Throughout Prichard’s life, she had struggled to be active in politics and productive in her writing at the same time. She wrote little during her two periods of intense political activity in 1919 to 1921 and again from 1931 onwards. In that first period, she had worked hard upon her arrival in Perth to establish a study circle for the Communist Party. She withdrew from involvement after 1921 because of poor health and then the birth of her only child the next year. When she returned her focus properly to writing from 1924 to 1929, she wrote the novels, stories, and play she is most famous for. The Depression and the reinvigoration of the WA branch of the Communist Party saw her return to political activity and in the ten years to 1941, her only new work was a potboiler novel called The Moon of Desire.[20]

As it happened, Prichard continued to have a busy war on the homefront. She moved to Sydney the next year, probably at the request of the Communist Party, and in 1943 was elected to the Central Committee for a two-year term, a demanding role which left her little time for writing. In late 1944, she finally sent off the manuscript for The Roaring Nineties to her publisher, Jonathan Cape. Due to war-time paper shortages, it was not published until 1946.[21] The next two volumes appeared at two-year intervals, with Winged Seeds in 1950 giving a fictionalisation of World War Two in Kalgoorlie.

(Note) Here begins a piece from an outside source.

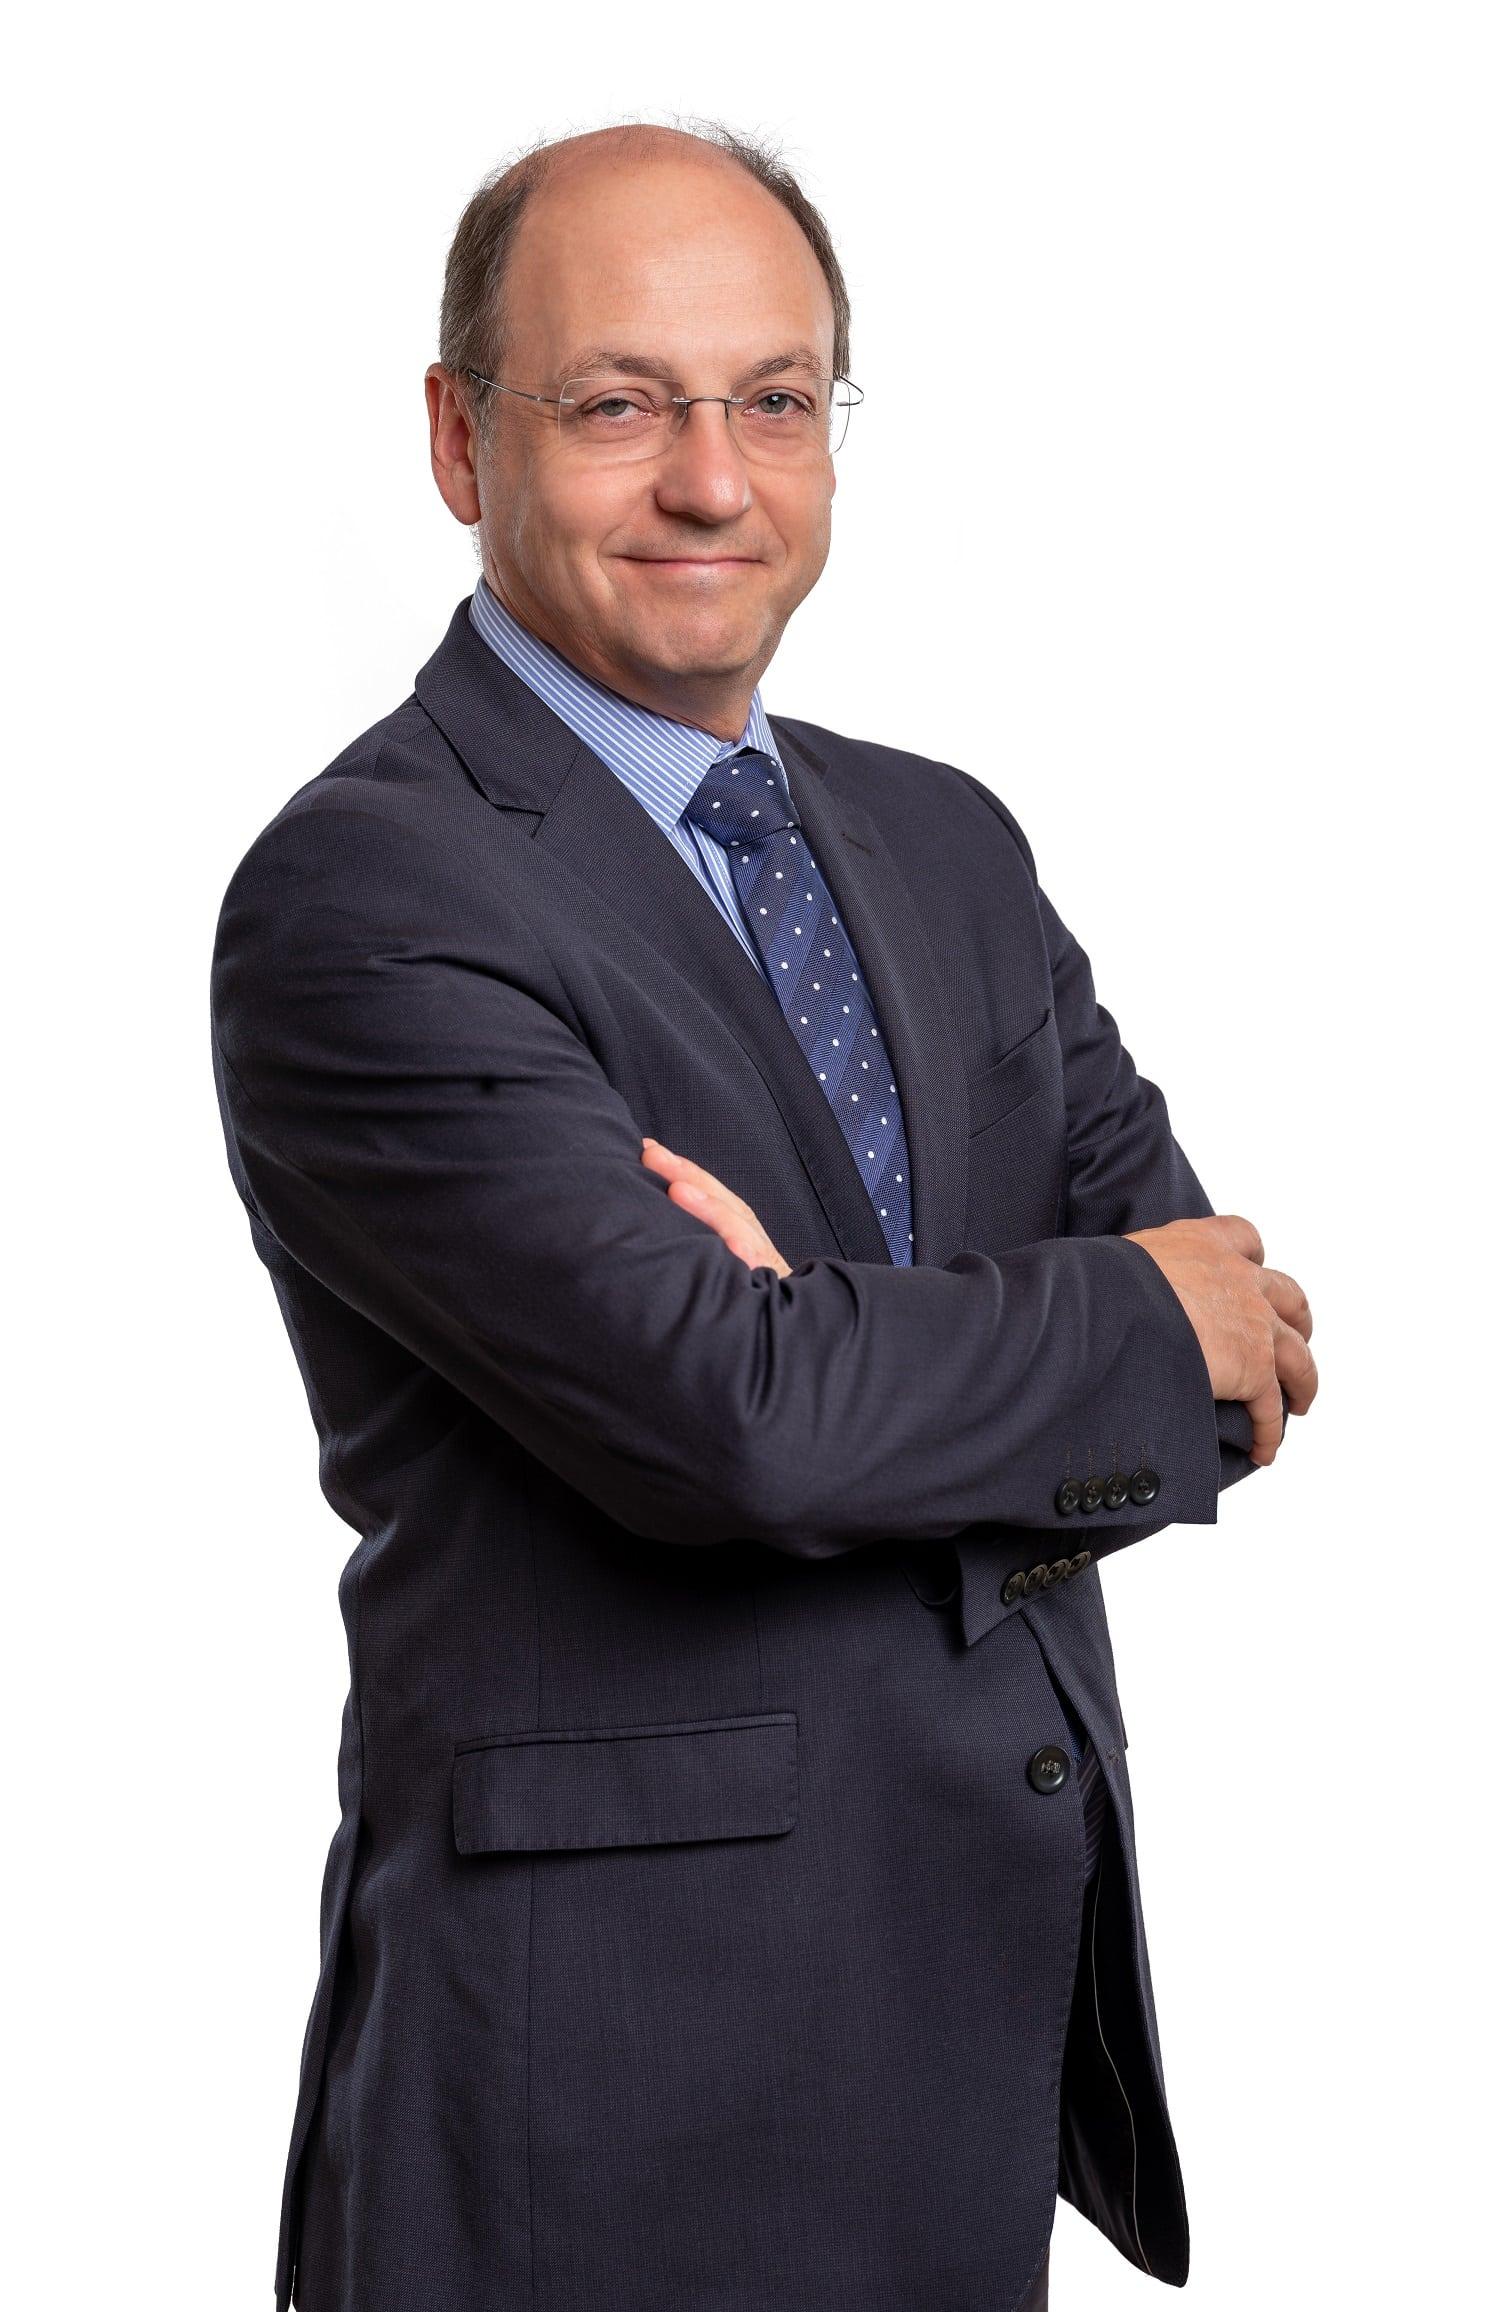 Dr. Jonathan Wasserberg

For Prichard, her goldfields trilogy was her supreme achievement because she felt she was finally able to synthesise politics and literature. Yet in the same way activism and writing did not mix easily in her life while she wrote the trilogy, the synthesis in the trilogy may not be as accomplished as she thought. As Sandra Burchill writes, too often ‘characters are manipulated to act as propagandist paradigms of life on the goldfields’.[22] The conventional saga of Sally Gough and her family is often interrupted with goldfields yarns and didactic passages of industrial history, reflecting both Prichard’s political commitments and her research process.

 

Conclusion    

Disappointingly for a biographer, when Prichard came to write about 1941 in the third goldfields novel, Winged Seeds, she didn’t directly fictionalise her own ten weeks in Kalgoorlie. Perhaps her experience simply didn’t fit the characters’ situation. This section of the novel is interesting in its own right, depicting raids on communists’ houses during illegality and Sally taking momentous steps of support for communism. However, I can’t help wishing that somewhere Prichard had given a candid account of her ten weeks in Kalgoorlie—what was she really doing for the party during illegality? Did she have anything to do with Francis Legeny? What of Boulder’s “Kremlin” on Piesse Street? Of course, it was too soon to be candid in 1950 when she was writing, and it probably still felt too soon by the time she died in 1969, without an end to the Cold War in sight.

[1] Exiles at Home, loc. 2911.

[2] KSP to Commonwealth Literary Fund, 15 December 1940, NAA, A463, 1968/5004.

[3] KSP ASIO file, NAA, Vol. 2a, 12.

[4] Prichard, ‘On Purpose’, 121.

[5] Doon Stone Papers, MS7043.

[6] “Some Recollections of KSP”, Doon Stone Papers, MS7043.

[7] KSP to Hilda Esson, 7 June 1941, KSPP, MS6201/10/7.

[8] Williams, The First Furrow, 170.

[9] Macintyre, The Reds, loc. 7044-7058.

[10] ASIO, Vol. 1, 14.

[11] Macintyre, The Reds, loc. 7307.

[12] KSP, Kalgoorlie, to Tov Apletin, 9 June 1941, extract from treated mails, 25 June 1941, KSP ASIO file, NAA, Vol. 2 – 1941-1952, 32.

[13] John Hale, “My Father, Len Hale”, Papers in Labour History, no. 29, 2005, 15.

[14] Kalgoorlie Miner, 30 May 1941, 1.

[15] Prichard, Winged Seeds, 48.

[16] KSP ASIO file, NAA, Vol. 2 – 1941-1952, 33.

[17] Kalgoorlie Miner, 25 July 1941, 2.

[18] KSP ASIO file, NAA, Vol. 2 – 1941-1952, 47.

[19] KSP to H.S. Temby, 12 October 1941, NAA: A463, 1968/5004, 96.

[20] KSP to Hilda Esson, 22 June 1940, KSPP, MS6201/10/7.

[21] KSP, Sydney, to H.S. Temby, CLF, 12 March 1945, NAA: A463, 1968/5004, 82.

[22] Burchill, ‘KSP: Romance, Romanticism and Politics’, 314.